Physicians are often unaware of the widespread use and value of death certificate data (Jonathan Arden, Lois Fingerhut). If their awareness were increased, they would have greater motivation to code certificates accurately; greater and more sustained training of medical students and residents in filling out death certificates correctly is needed (Robert Anderson, Kathleen Toomey, Steve Hargarten). Working through the Federation of State Medical Boards to mandate more training might be considered (Alan Trachtenberg, Garry Peterson).

The new death certificates issued by NCHS will reinstate coding to indicate whether an autopsy has been performed and whether it was used for the death investigation. Those data elements will be used to monitor trends in autopsy rates. The questions had been deleted in 1995, so there has been a data gap of about 8 years (Robert Anderson, Kurt Nolte).

Despite the good intentions behind nationally based datasets, it is unrealistic to expect coroners and medical examiners to obtain all the detailed information that is needed, because of limited resources (Vincent Di Maio).

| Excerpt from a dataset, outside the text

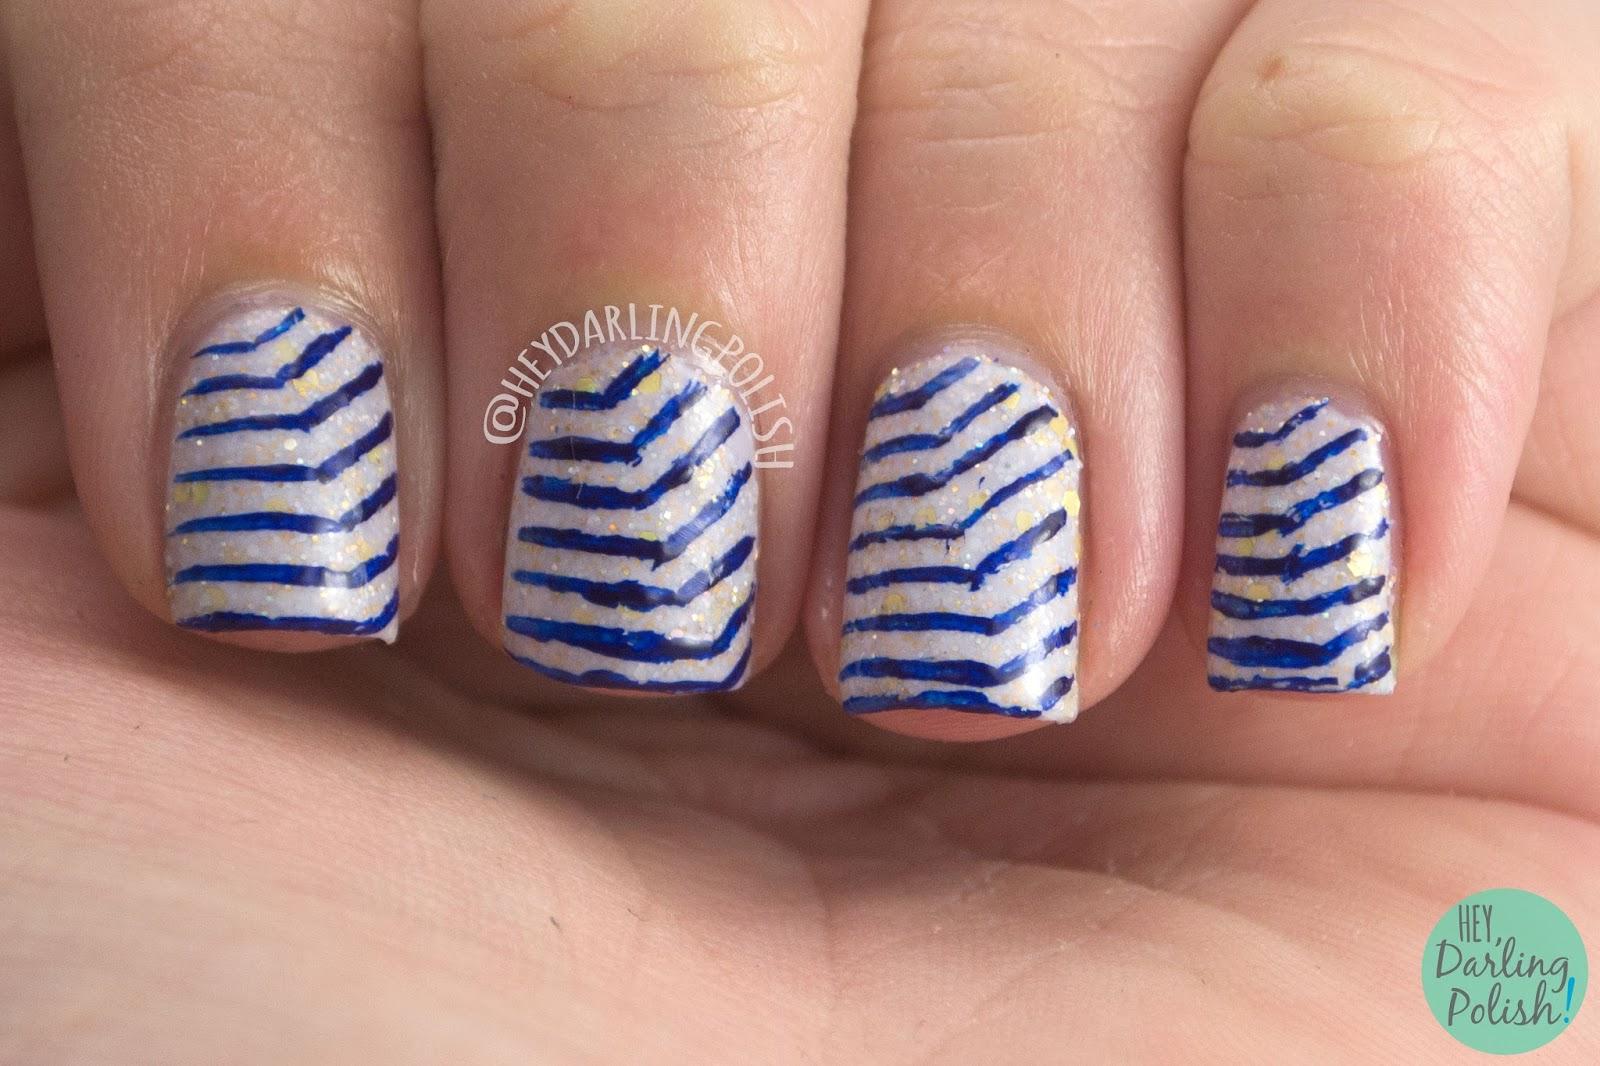 lines, blue, olaf's snowflowers, nails, nail art, nail polish, hey darling polish, black dahlia lacquer, indie polish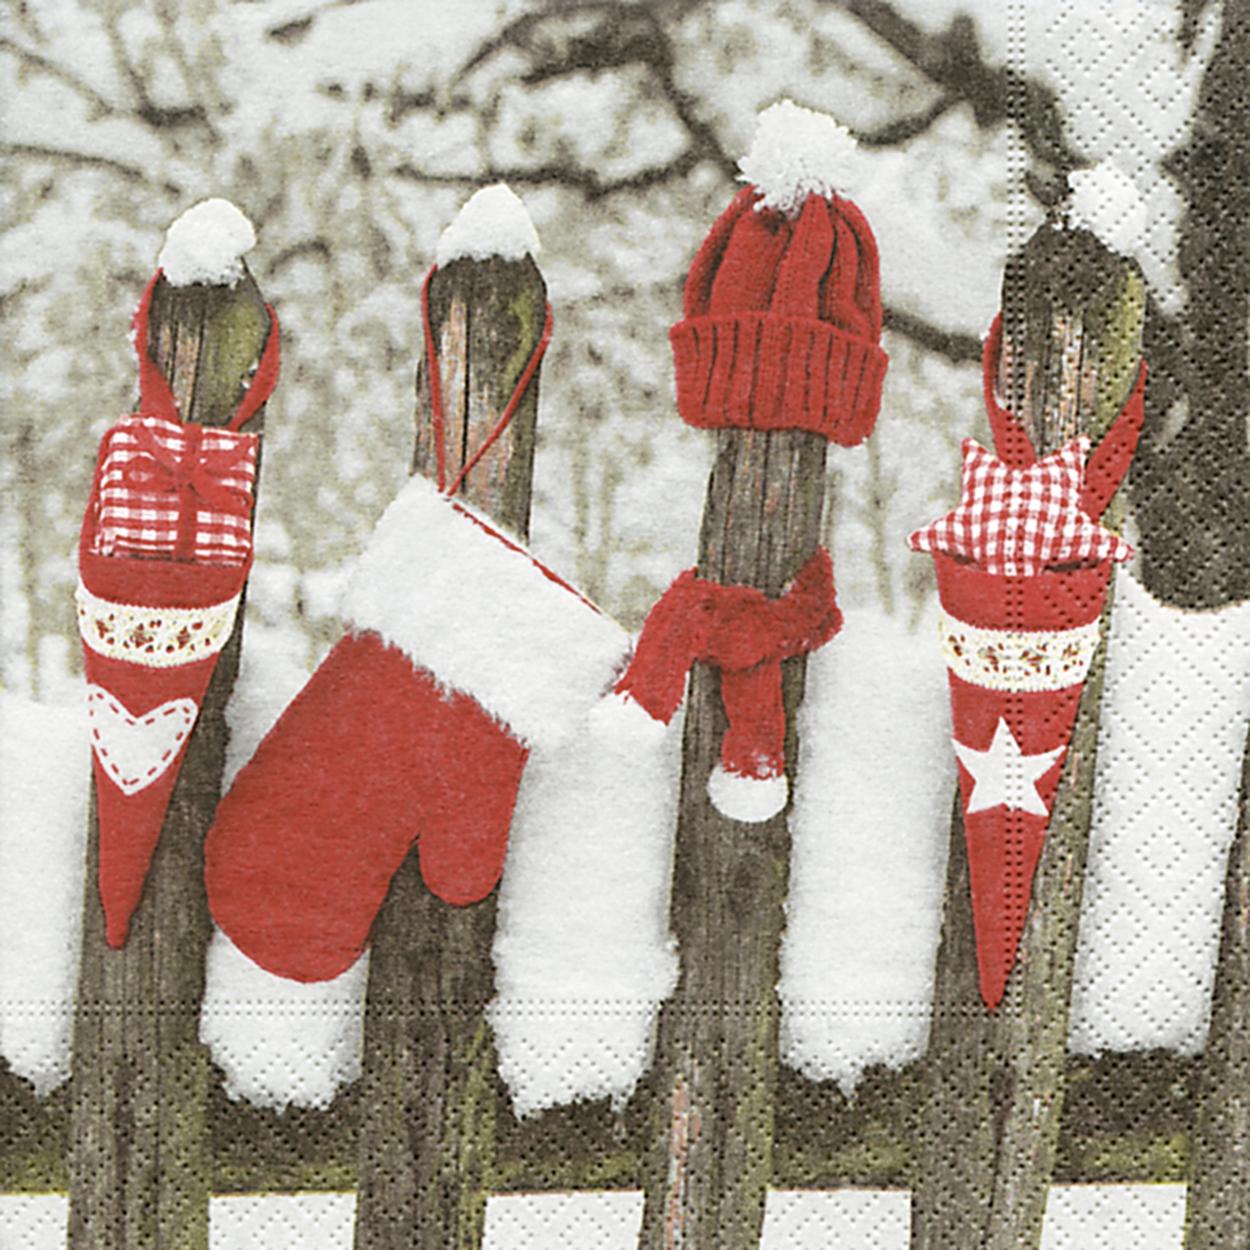 Lunch Servietten Outdoor christmas,  Weihnachten,  lunchservietten,  Zaun,  Handschuhe ,  Mütze

The first priority of coroners and medical examiners is to serve their jurisdiction, not to do research.

Toxicologic Testing

The quality of toxicologic testing, except for alcohol testing, is highly questionable in most jurisdictions (Vincent Di Maio).

Many rural jurisdictions do not perform any toxicologic testing during a death investigation, because they lack resources; that means that national datasets that rely on ME/C toxicologic data are skewed to urban deaths and so are not necessarily representative of the national picture (Steve Hargarten). Also needed is the actual concentration of the toxicant (such as alcohol), not just its presence or absence (Alan Trachtenberg).